• [DATA]:
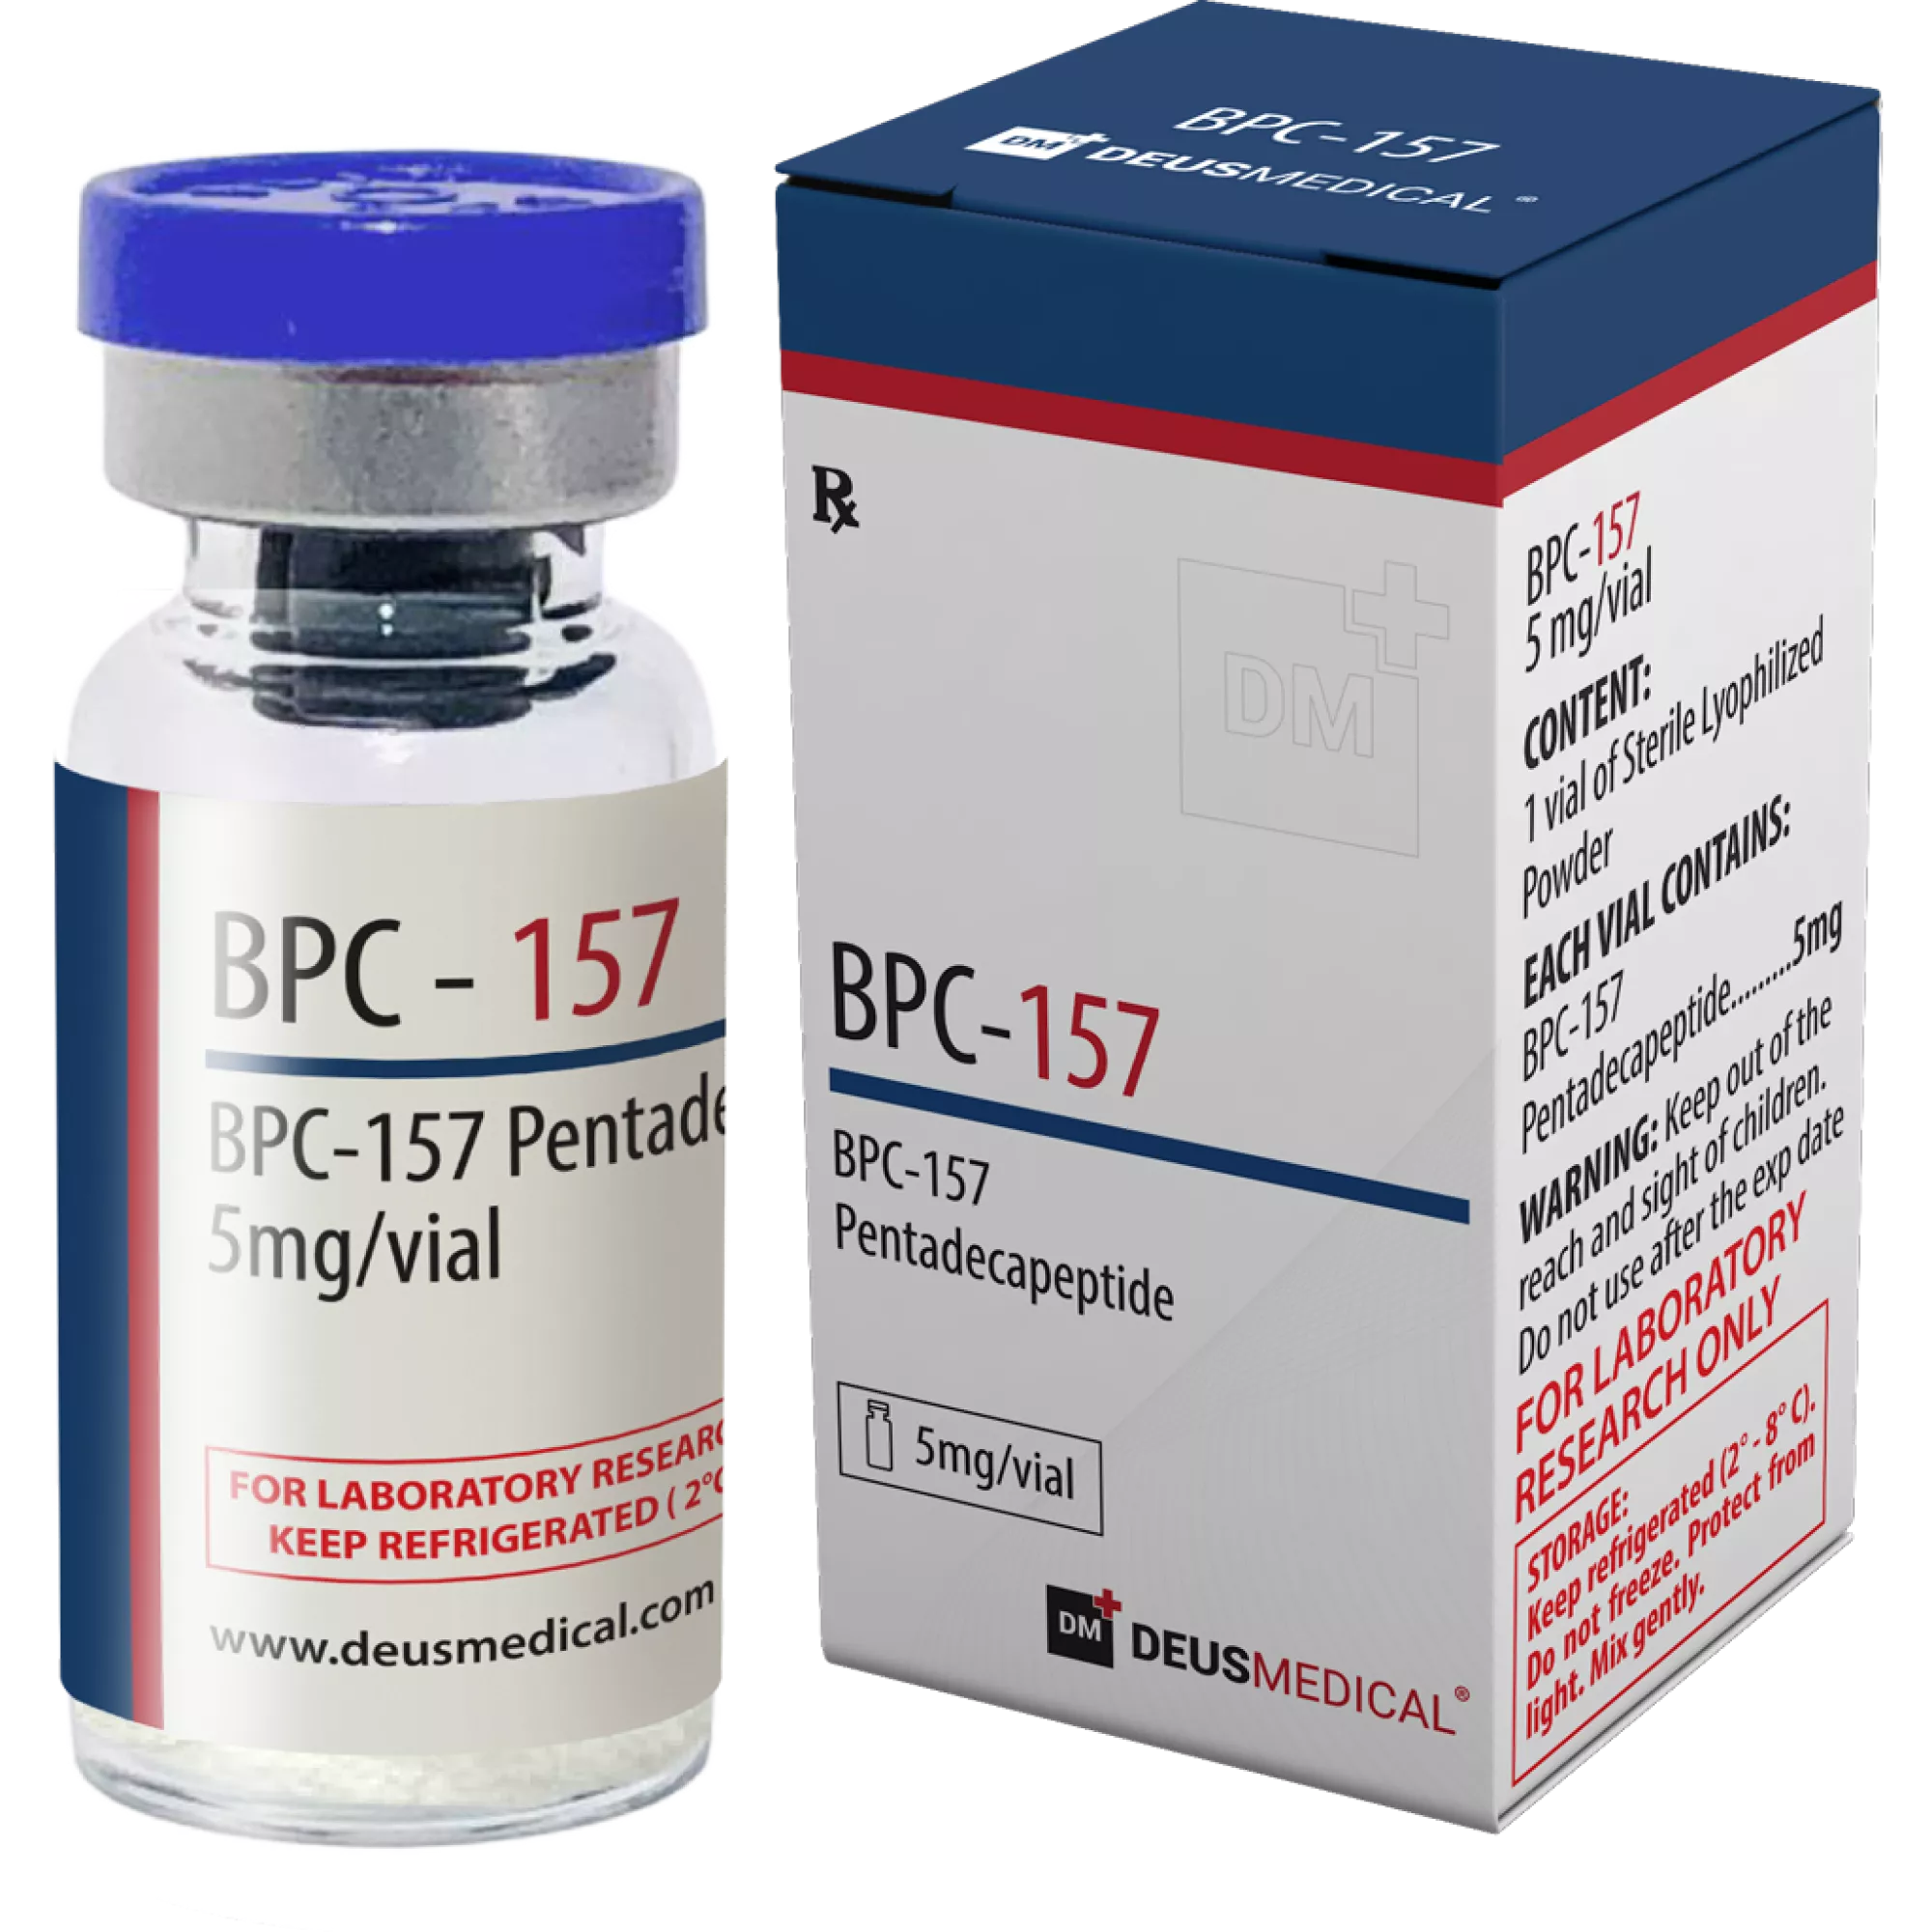 BPC-157 (BPC-157 Pentadecapeptide), Deus Medical, Buy Steroids Online - www.deuspower.shop
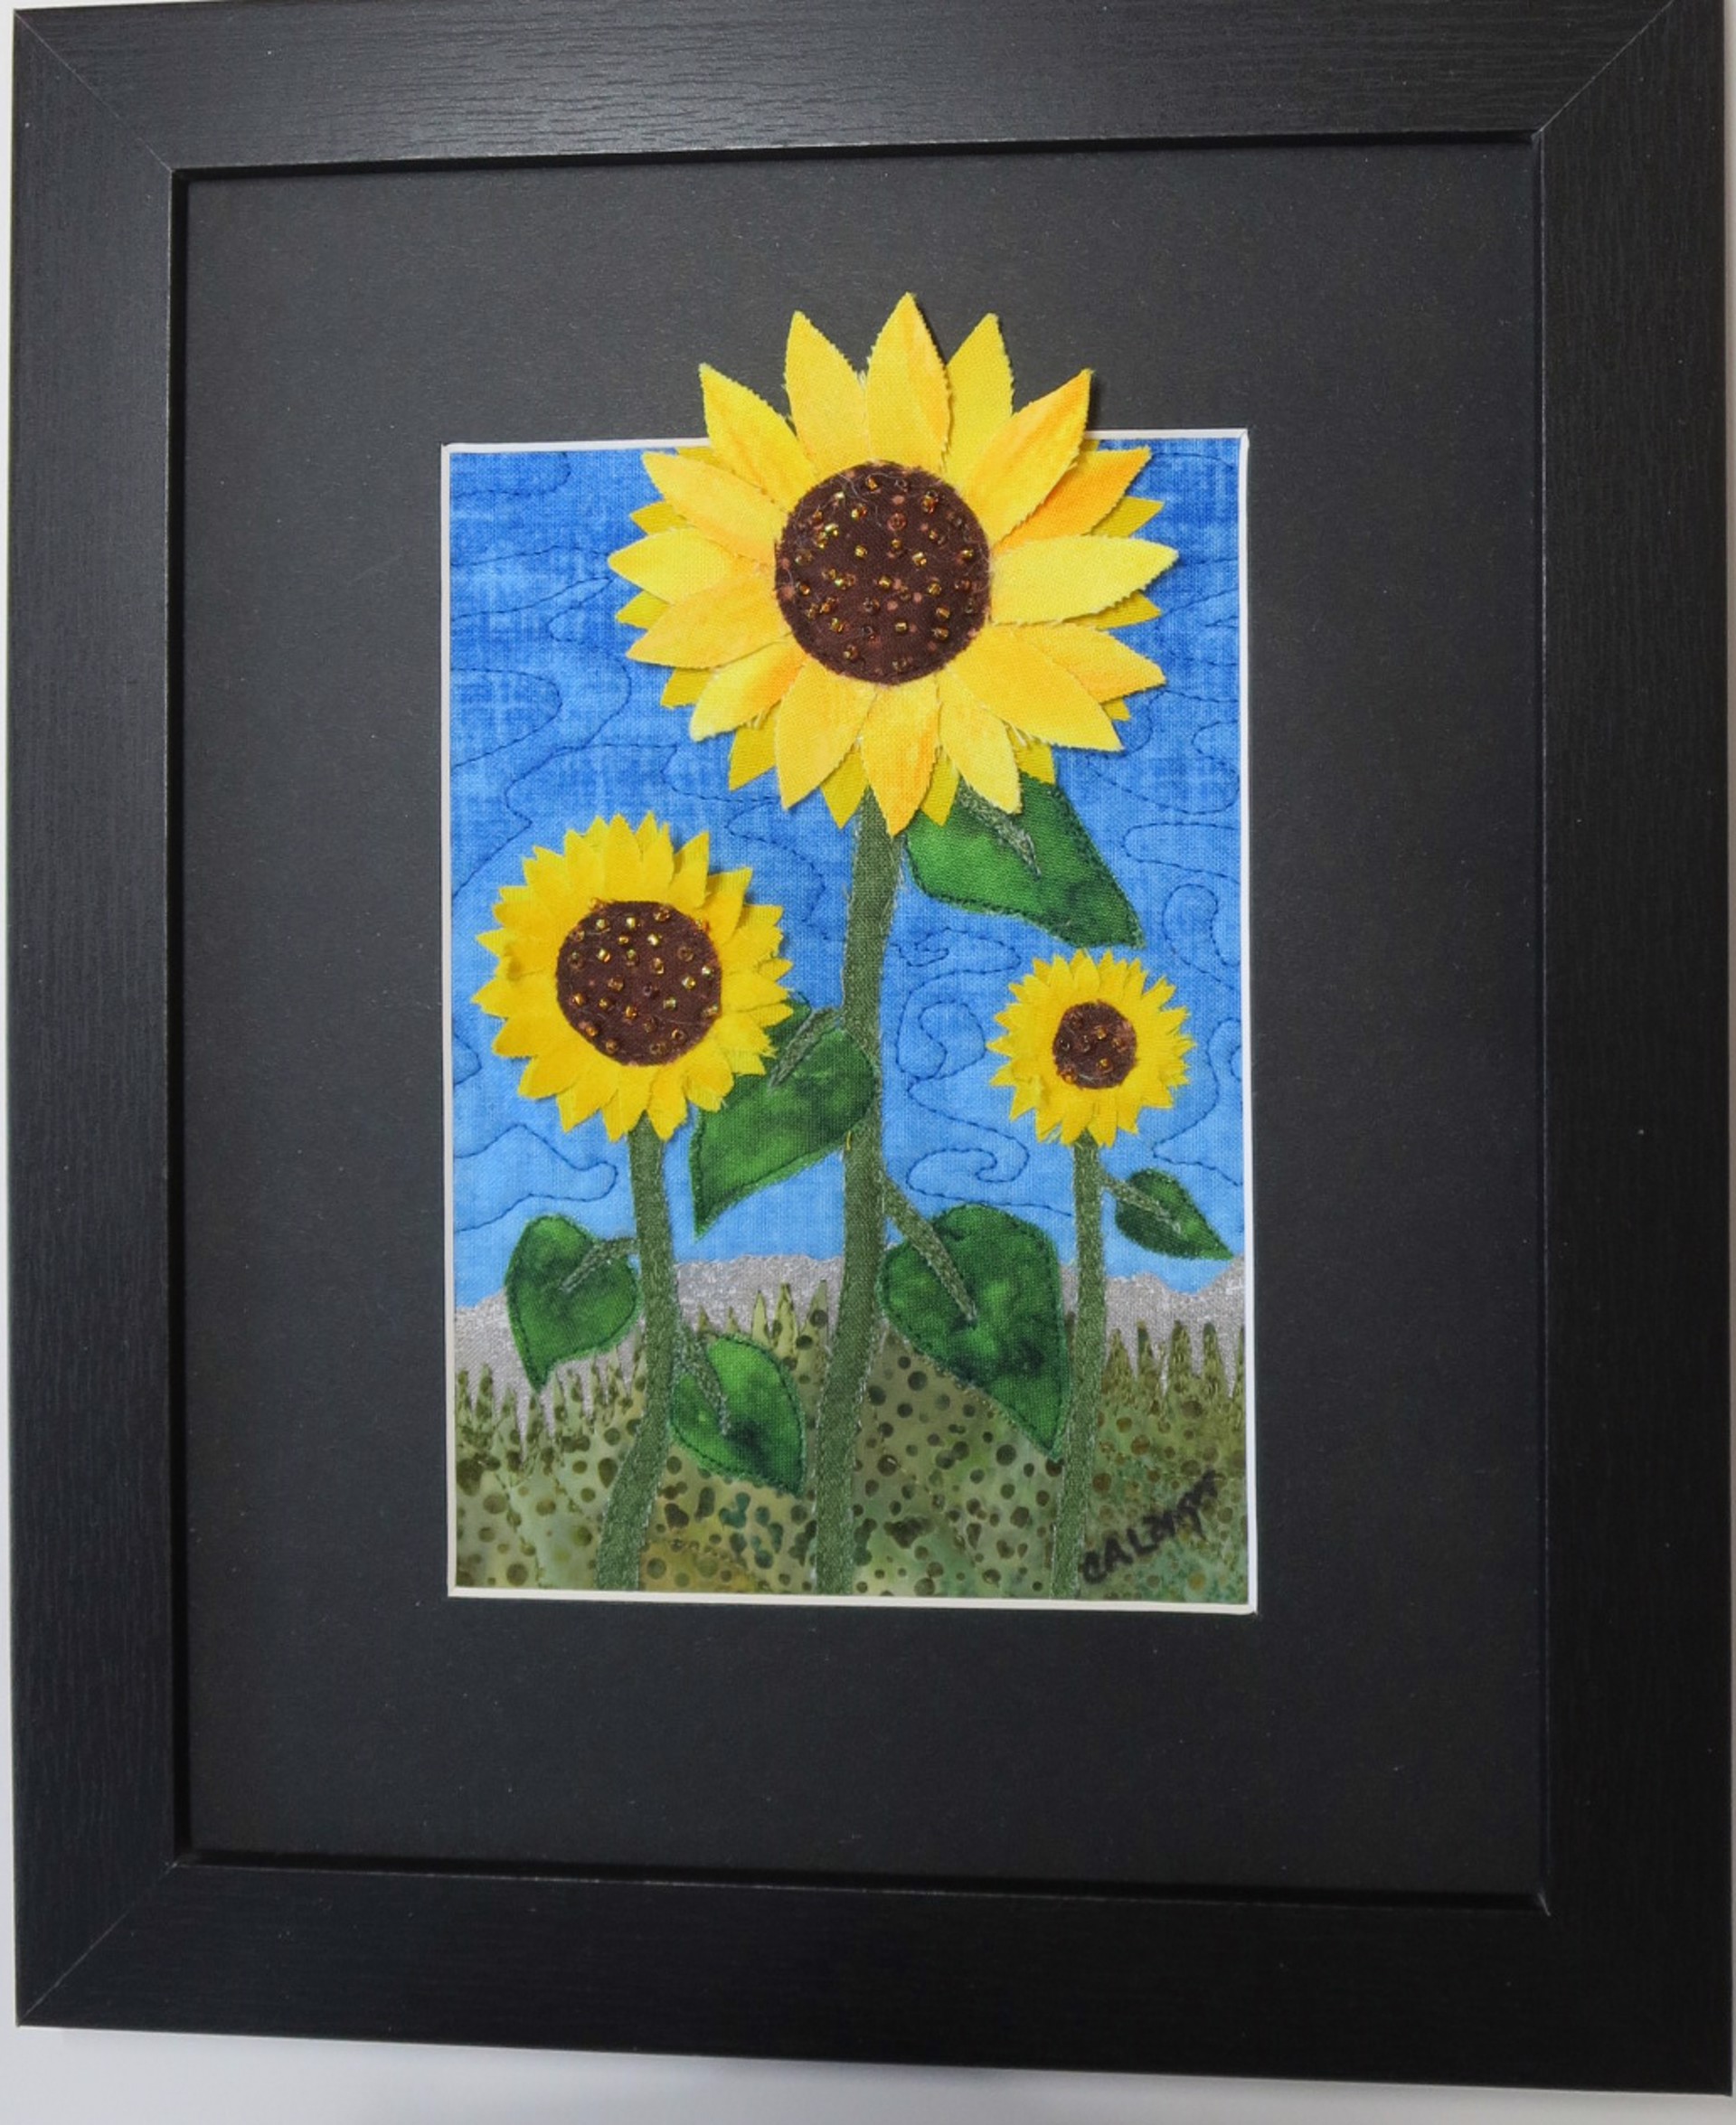 Sunflowers 2 by Cheryl Langer
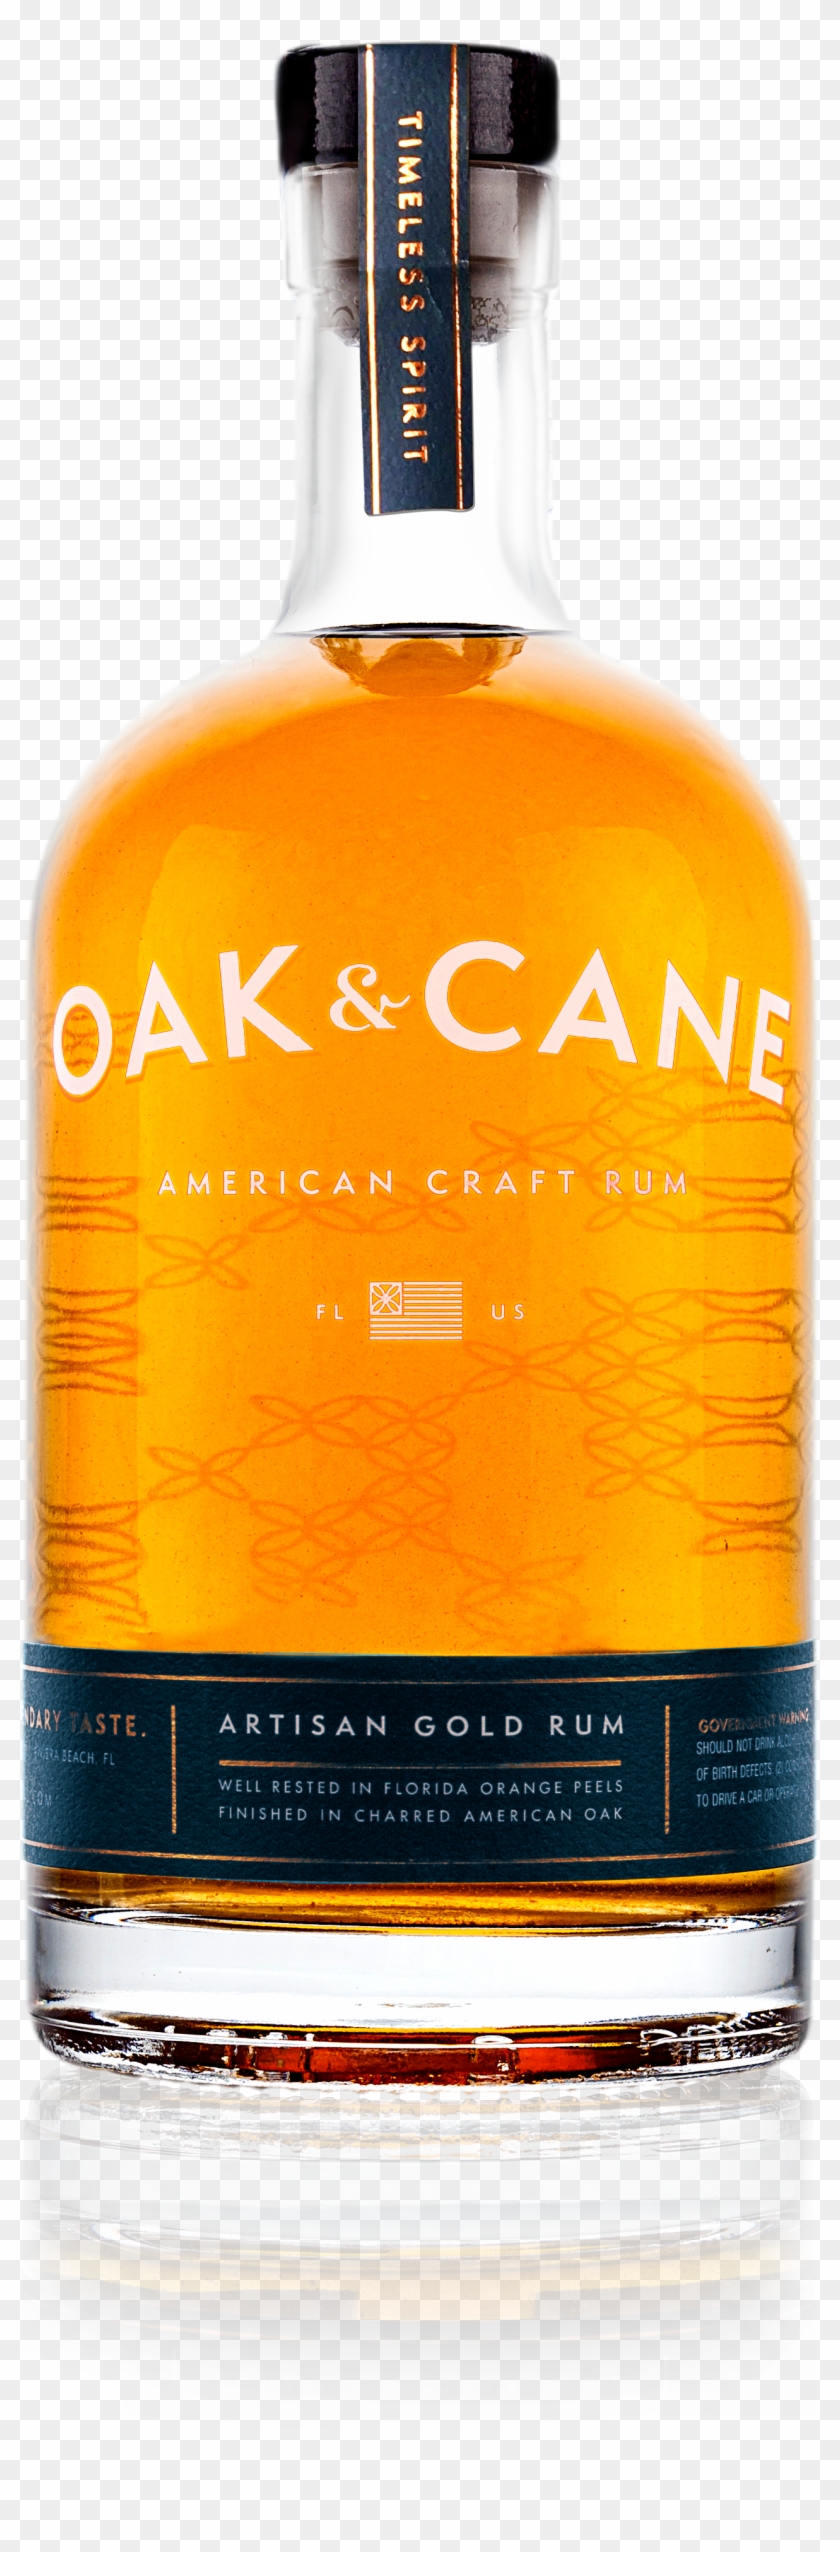 Official Oak & Cane Bottle - Grain Whisky Clipart #5921363

• [HOW TO COMPLETE THIS TASK]:
The lines from the one that contains "Sunflowers 2 by Cheryl Langer" through the end of the data, repeated exactly and with no pictures, make up the whole answer.

• [FINISHED EXERCISE]:
 Sunflowers 2 by Cheryl Langer
 Official Oak & Cane Bottle - Grain Whisky Clipart #5921363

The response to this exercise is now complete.